When we read data from our fish finder, we usually imagine that the information we see on our screen is all happening directly under our sonar. So, if we see a fish on the screen, we think it must be exactly underneath our sonar. In reality, the readings we see are taken from a wider area underneath our sonar. And even more importantly, the sonar receives data from a wider and wider area, the deeper you scan. This is all because sonars scan in cones.
SONAR stands for SOund NAvigation Ranging. A sonar device sends pulses of sound waves down through the water. When these pulses hit objects like fish, vegetation or the bottom, they are reflected back to the surface. The sonar device measures how long it takes for the sound wave to travel down, hit an object and then bounce back up. It’s the same echo-location system bats and dolphins use. This information enables the device to judge the depth of the object it reflected off. It also measures the strength of the returning pulse – the harder the objects, the stronger the return pulse.

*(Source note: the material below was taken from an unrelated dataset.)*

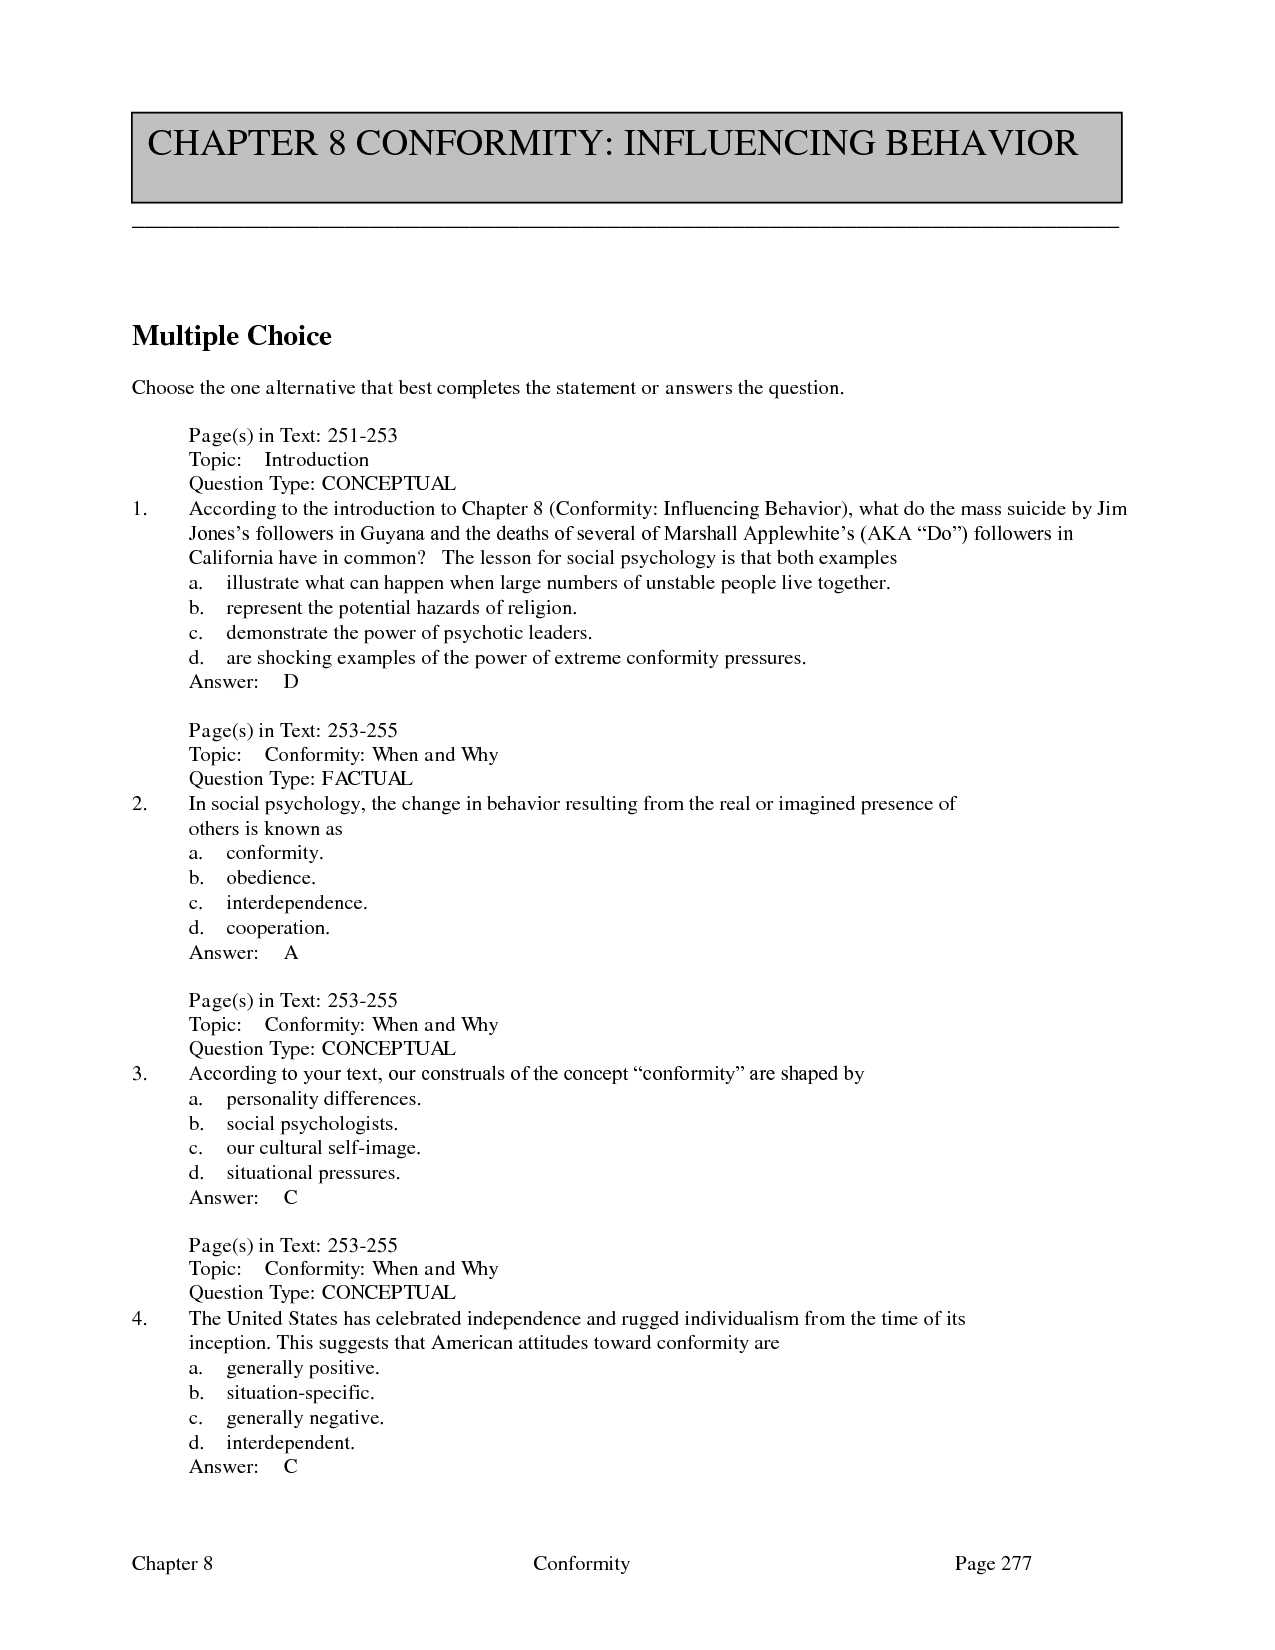 Skills Worksheet Concept Review Answer Key Holt Environmental Science Along with Gemütlich Anatomy and Physiology Chapter 8 Answers Ideen
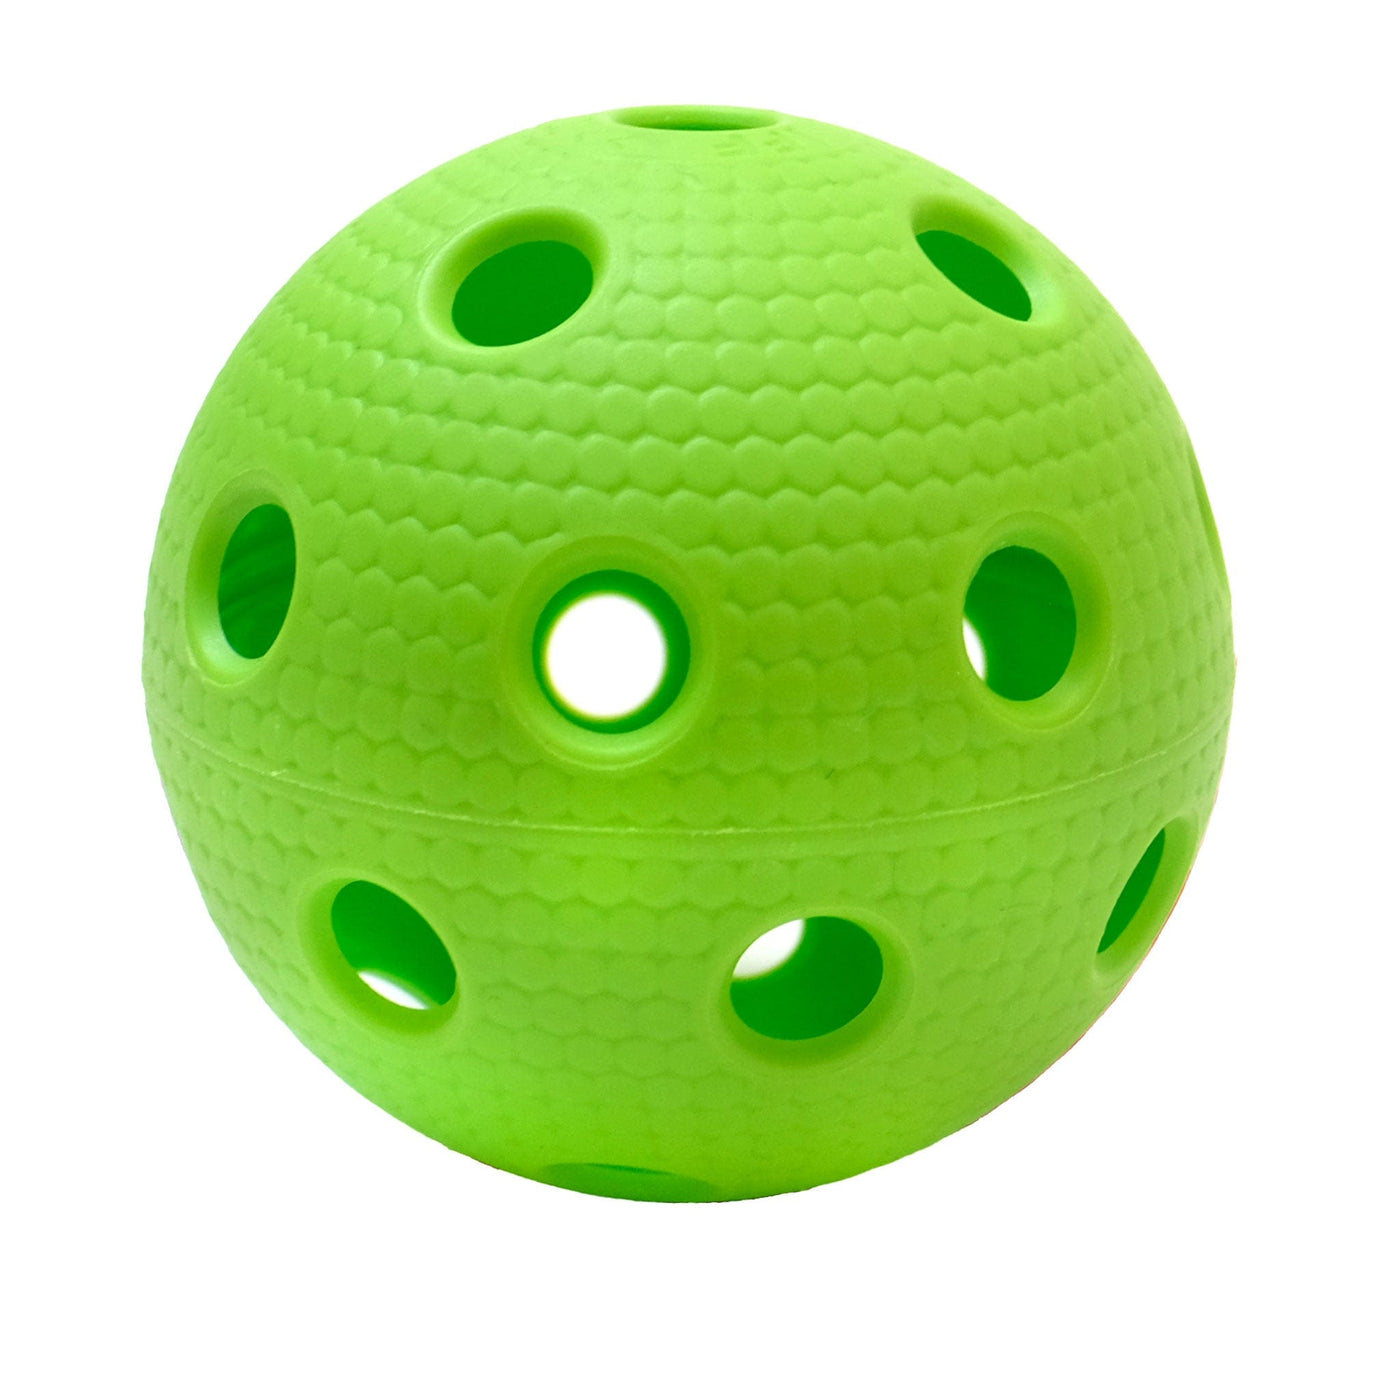 Small plastic ball used for Floorball. Floorball, pickleball, wiffle, wiffleball, plastic ball, ball with holes, ball with pock marks.

Once a returning pulse is received, another one is sent out. Because sound waves travel at roughly one mile a second in water, sonars can send multiple pulses per second. The Deeper PRO, Deeper PRO+, Deeper PRO+ 2, and Deeper CHIRP 2 send 15 pulses per second. The returning sound pulses are converted into electrical signals and then displayed, showing anglers the depth and hardness of the bottom and any objects in between.